Data block:
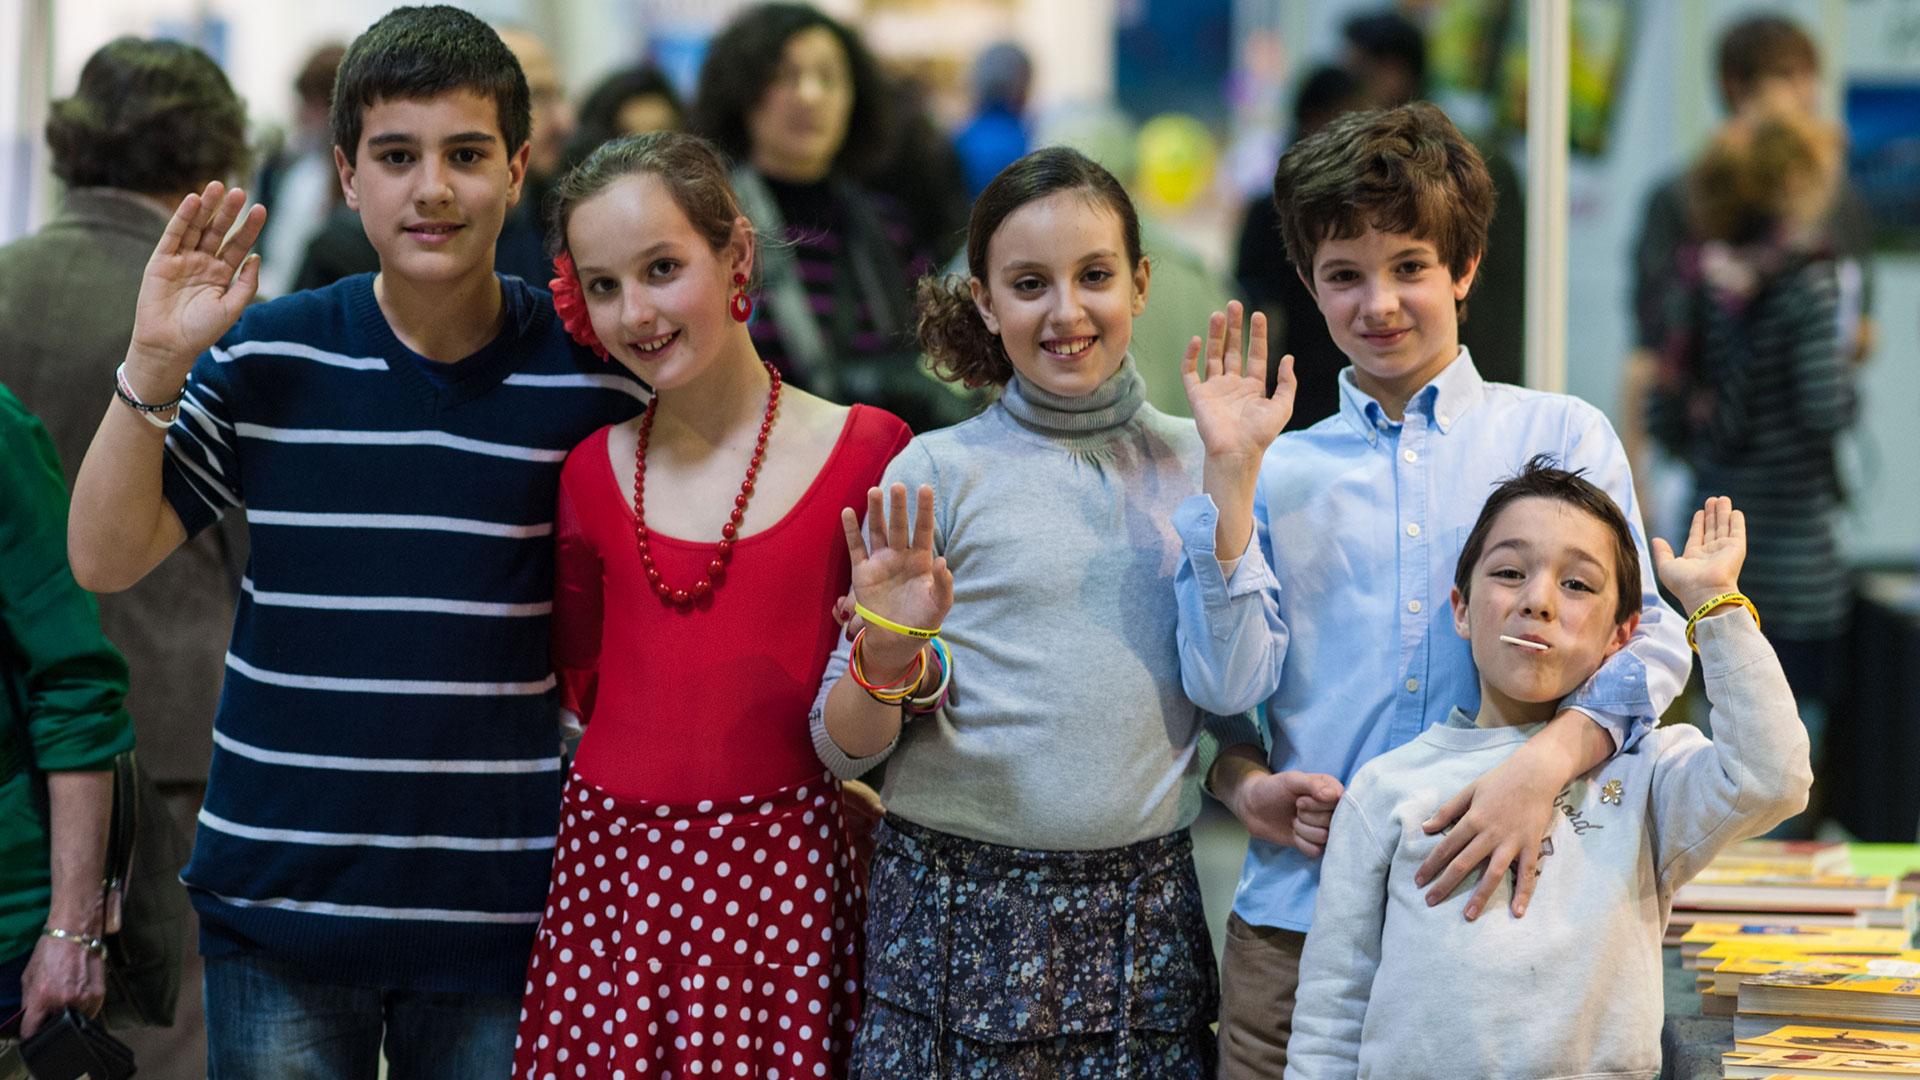 paulo-lobo-enfants-festival-clae-2014
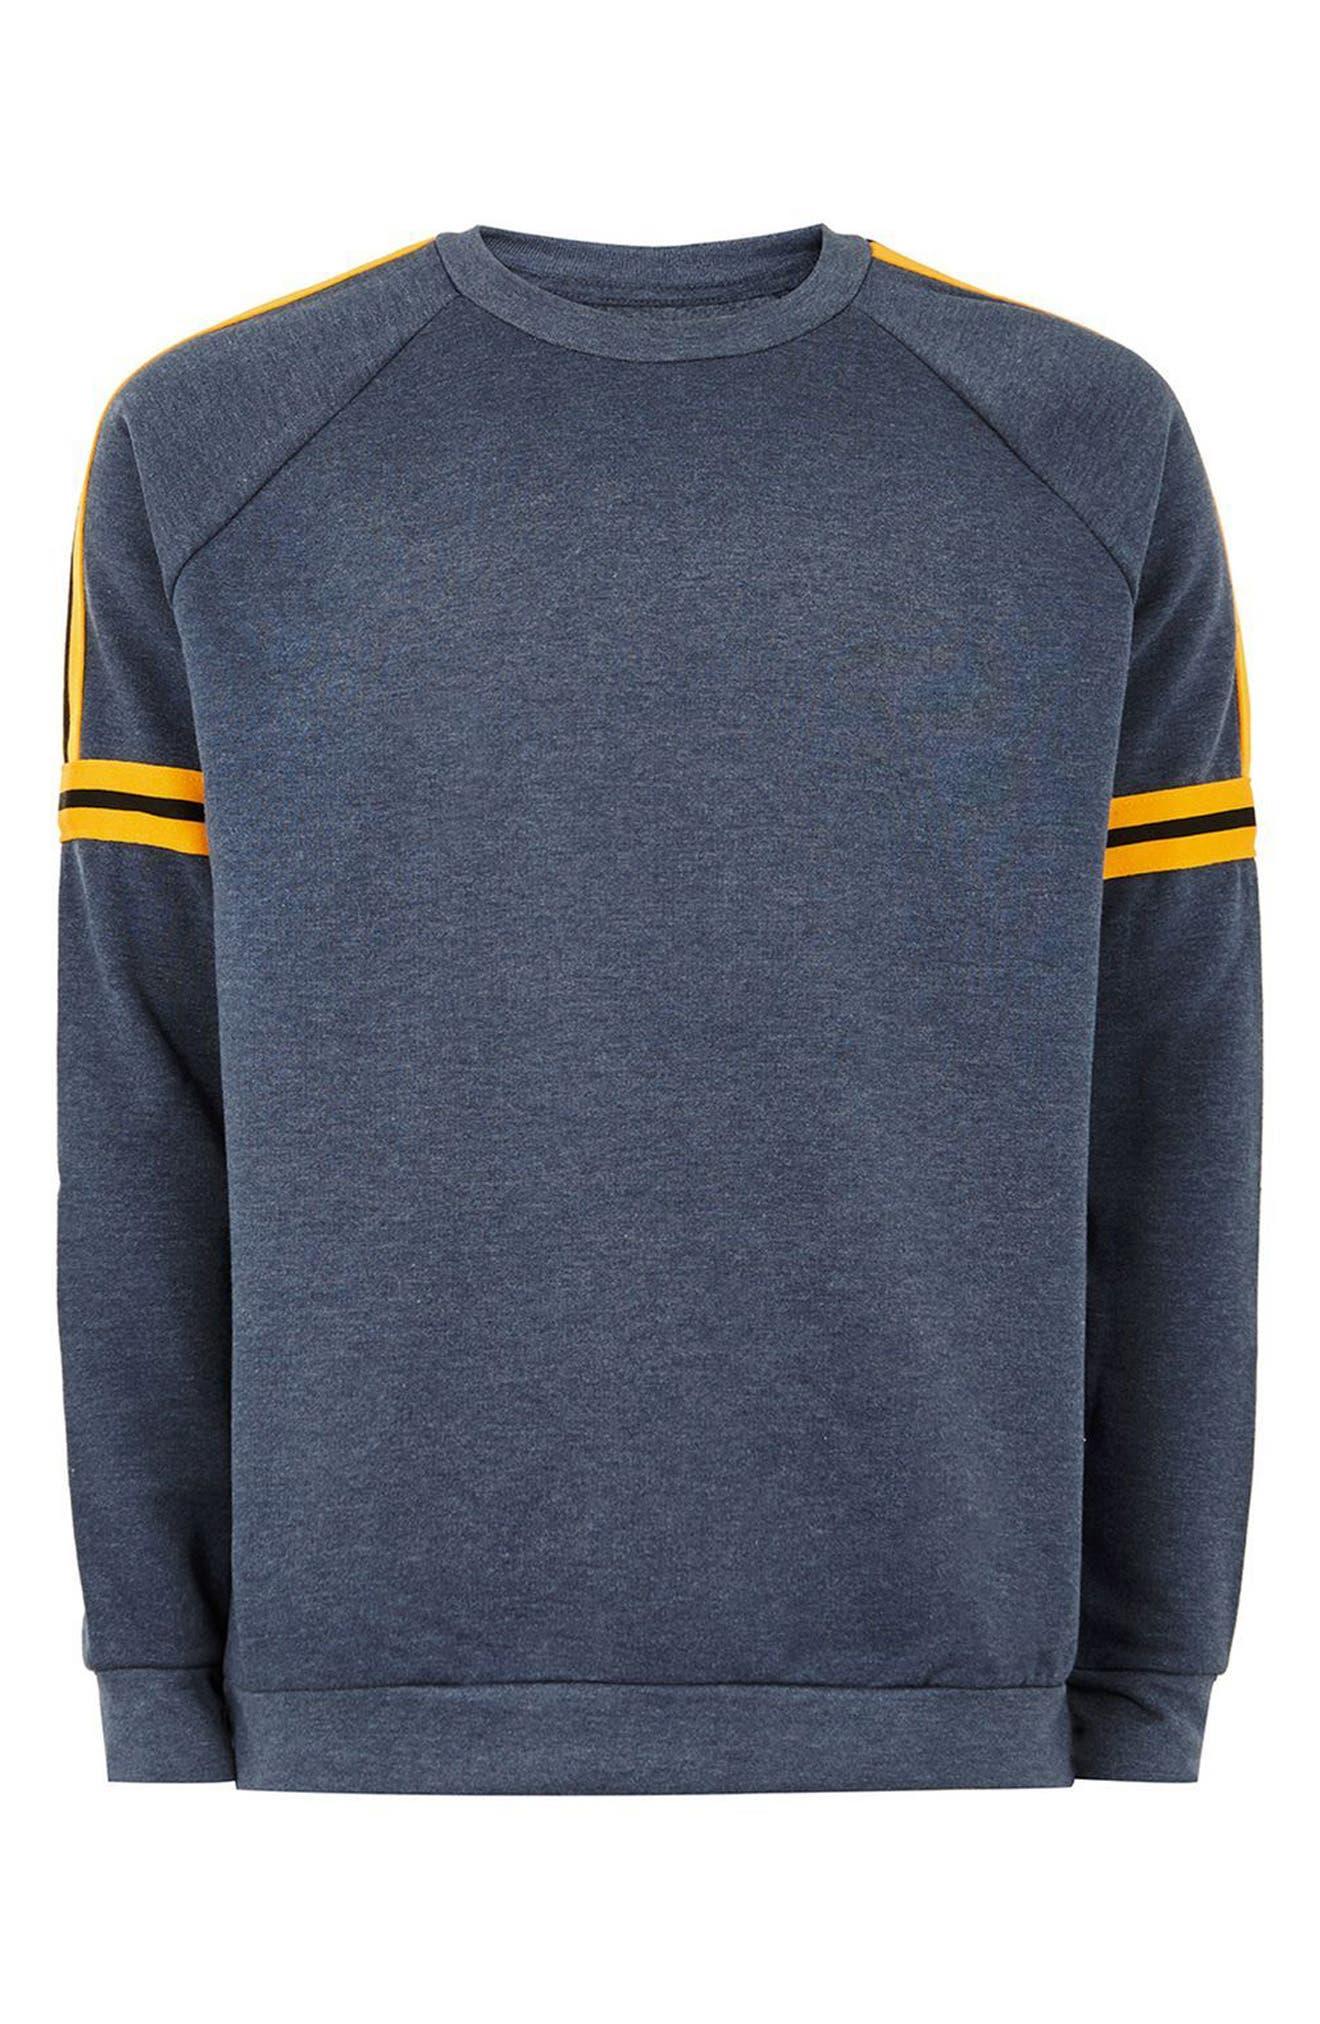 Tape Crewneck Sweatshirt,                             Alternate thumbnail 4, color,                             Dark Blue
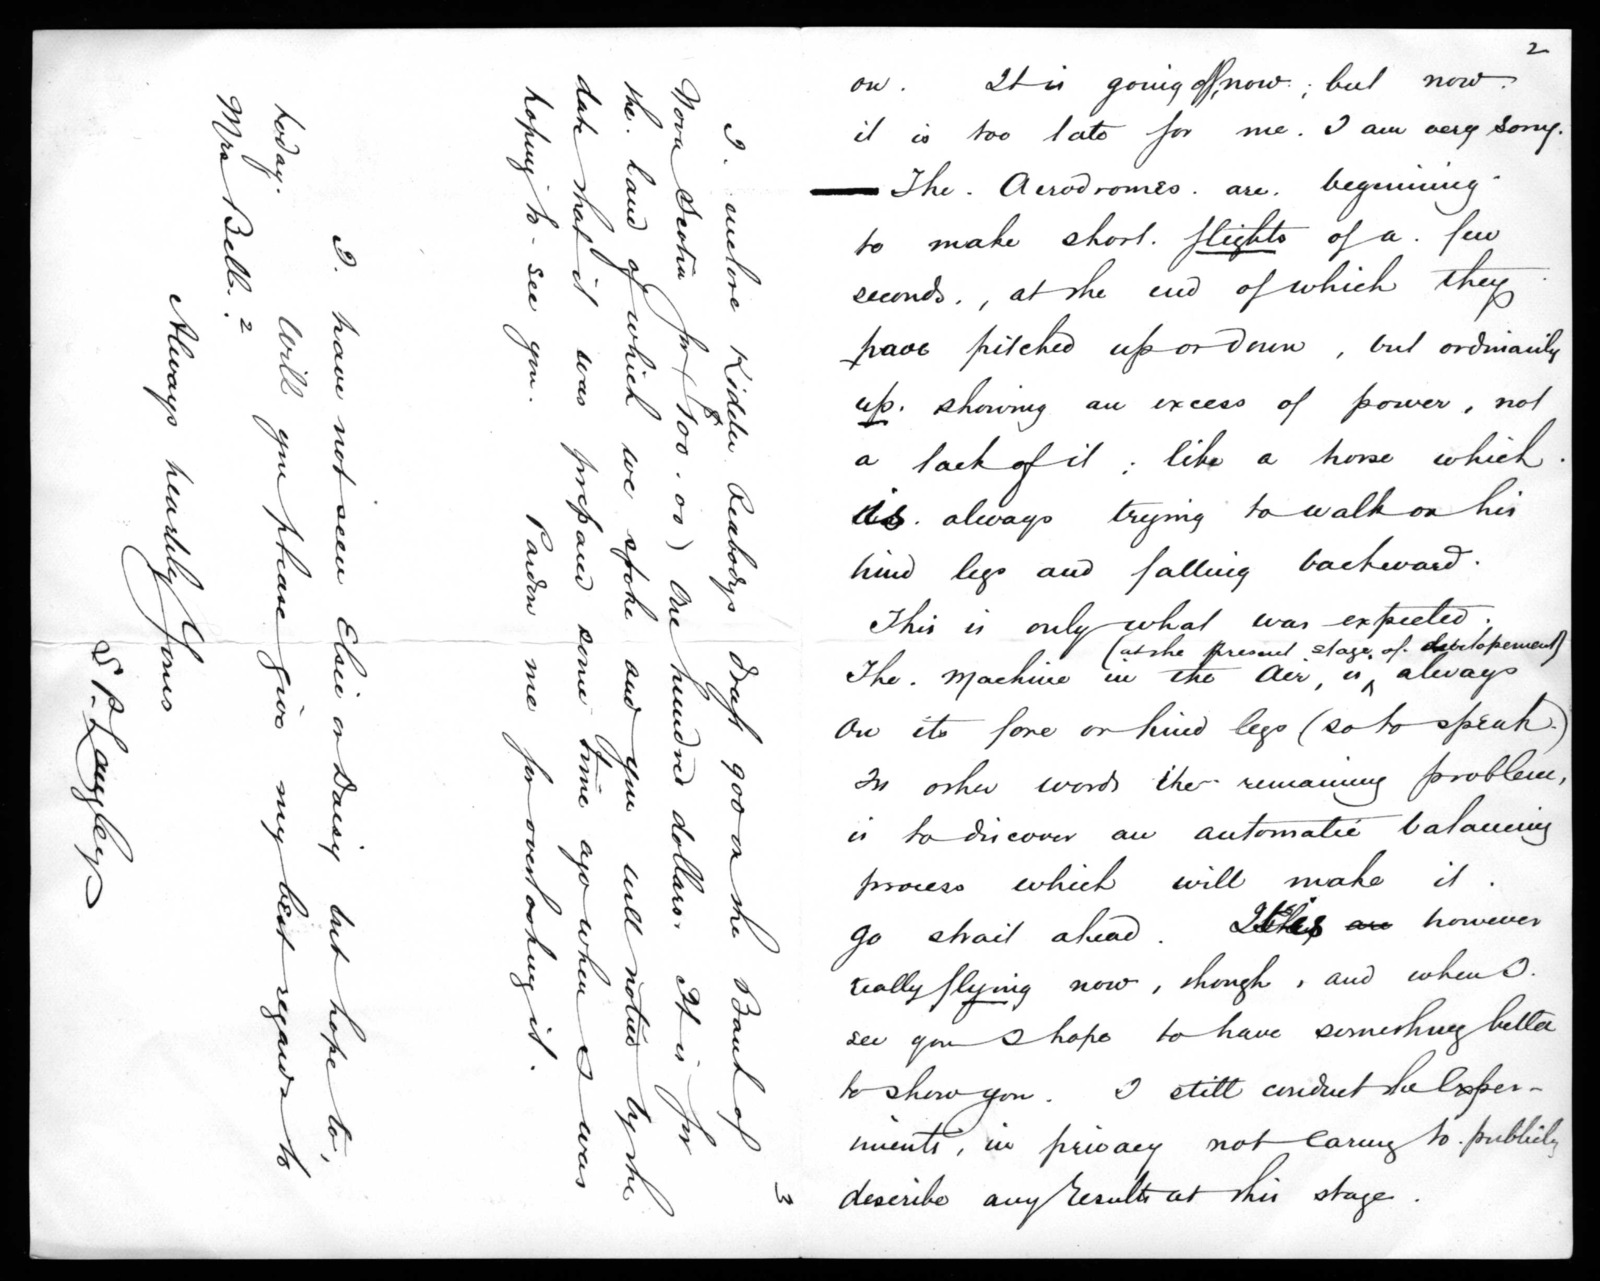 Letter from Samuel P. Langley to Alexander Graham Bell, October 28, 1894

Work to complete: Could the data above be repeated exactly, with every picture dropped?

Exercise solution:
 paulo-lobo-enfants-festival-clae-2014
 Tape Crewneck Sweatshirt,                             Alternate thumbnail 4, color,                             Dark Blue
 Letter from Samuel P. Langley to Alexander Graham Bell, October 28, 1894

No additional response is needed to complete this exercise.